Evaluation of the Overall Hazard Ratio for Hospitalization
Using Cox regression, the PA intervention was estimated to have increased the hazard rate for initial hospitalization by 16% compared to the HE intervention (HR=1.16; 95% CI 1.005 to 1.338; p=0.043).
Evaluation of the Intervention Effect among Baseline Subgroups
With the exception of 400-m gait speed (p<0.01), there were no differences in the effect of the intervention on hospitalizations among levels of baseline subgroups (Figure 2). For baseline gait speed, the risk of hospitalization was elevated by 40% (HR=1.40; 95% CI 1.15 to 1.72) among those with baseline gait speed ≥0.8 m/s. We further evaluated this relationship by fitting a B-spline to continuous baseline gait speed (Figure 3). The top panel of Figure 3 illustrates hazard ratios in the PA and HE groups relative to a person in the HE group with a baseline gait speed of 1.0 m/s (i.e. the reference group). Generally, risk of hospitalization decreased with increasing gait speed in both groups, with risk leveling off for PA participants with gait speed between 0.75 m/s and 0.95 m/s. The bottom panel provides hazard ratios (95% CI) for the PA group relative to the HE group for baseline walking speed and represents the ratio of the corresponding points on the lines in the top panel. For example, a participant in the PA group with a walking speed of 0.80 m/s has a 47% (i.e. HR=1.47) increase in risk of hospitalization compared to a participant in the HE group with a walking speed of 1.0 m/s. In contrast, a participant in the HE group with a walking speed of 0.80 m/sec has a 19% (i.e. HR=1.19) increase relative to the participant walking at 1.0 m/sec in the HE group (top panel). Using this example, it follows, that at 0.80 m/s, the PA participant has a 24% (=1.47/1.19) increased risk compared to an HE participant also walking at that speed (bottom panel). There was elevated risk in PA compared to HE among those with baseline walking speed between 0.8 and 1.0 m/s, with the lower bound of the 95% confidence interval generally being >1 in this interval.
Figure 2.
Hazard Ratios (95% CI) for Hospitalizations among Baseline Subgroups
Figure 3.
B-Spline Curve Illustrating the Relationship Between Baseline Gait Speed and Hospitalizations
Exploration of Baseline Gait Speed and Intervention Interaction Effect
In these exploratory analyses (Available On-line), we asked if the observed interaction between baseline gait speed (more hospitalizations for PA in the 0.8-1.0 m/s category) was consistent across diagnostic categories and field centers as well as over time throughout the study. We also examined whether the differences were attributable to greater PA in the 0.8-1.0 m/s gait speed category.

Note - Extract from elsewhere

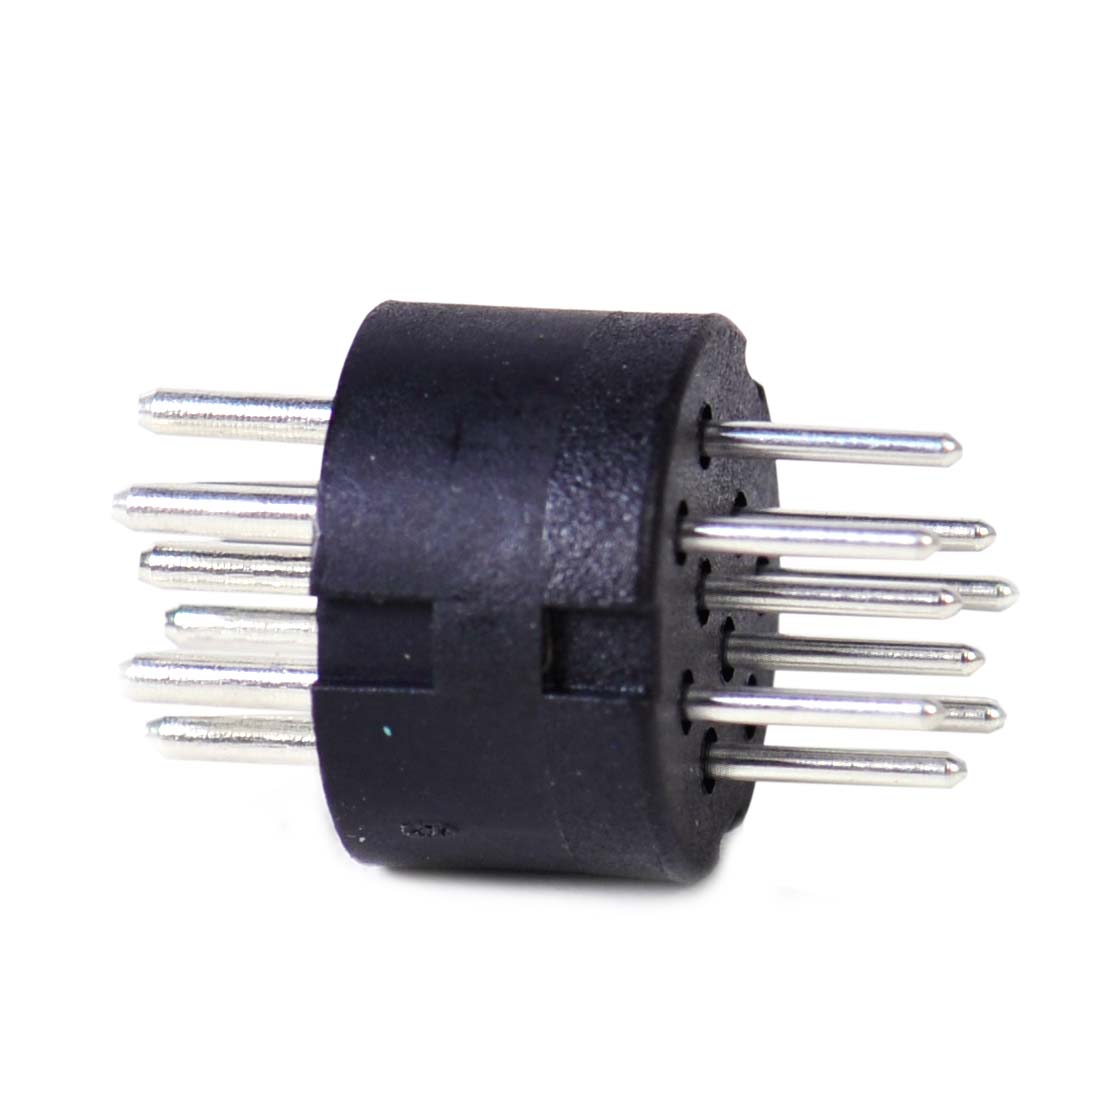 New 9Pin Male Mini Din Connector Adapter Adaptor Converter Plug for Promedia GMX

As reported above, there was an absolute difference of 36 total participants between the two groups. As shown in eTable S2, in the lowest gait speed category, the difference was 14 participants in the opposite direction to the overall result, (180 in PA, 194 in HE). In the highest speed category, the difference was 8 participants in the same direction as the overall result (43 in PA, 35 in HE). Therefore, in the middle category the difference was 42 participants (an absolute difference of 12.8%) with 173 in PA and 131 in HE.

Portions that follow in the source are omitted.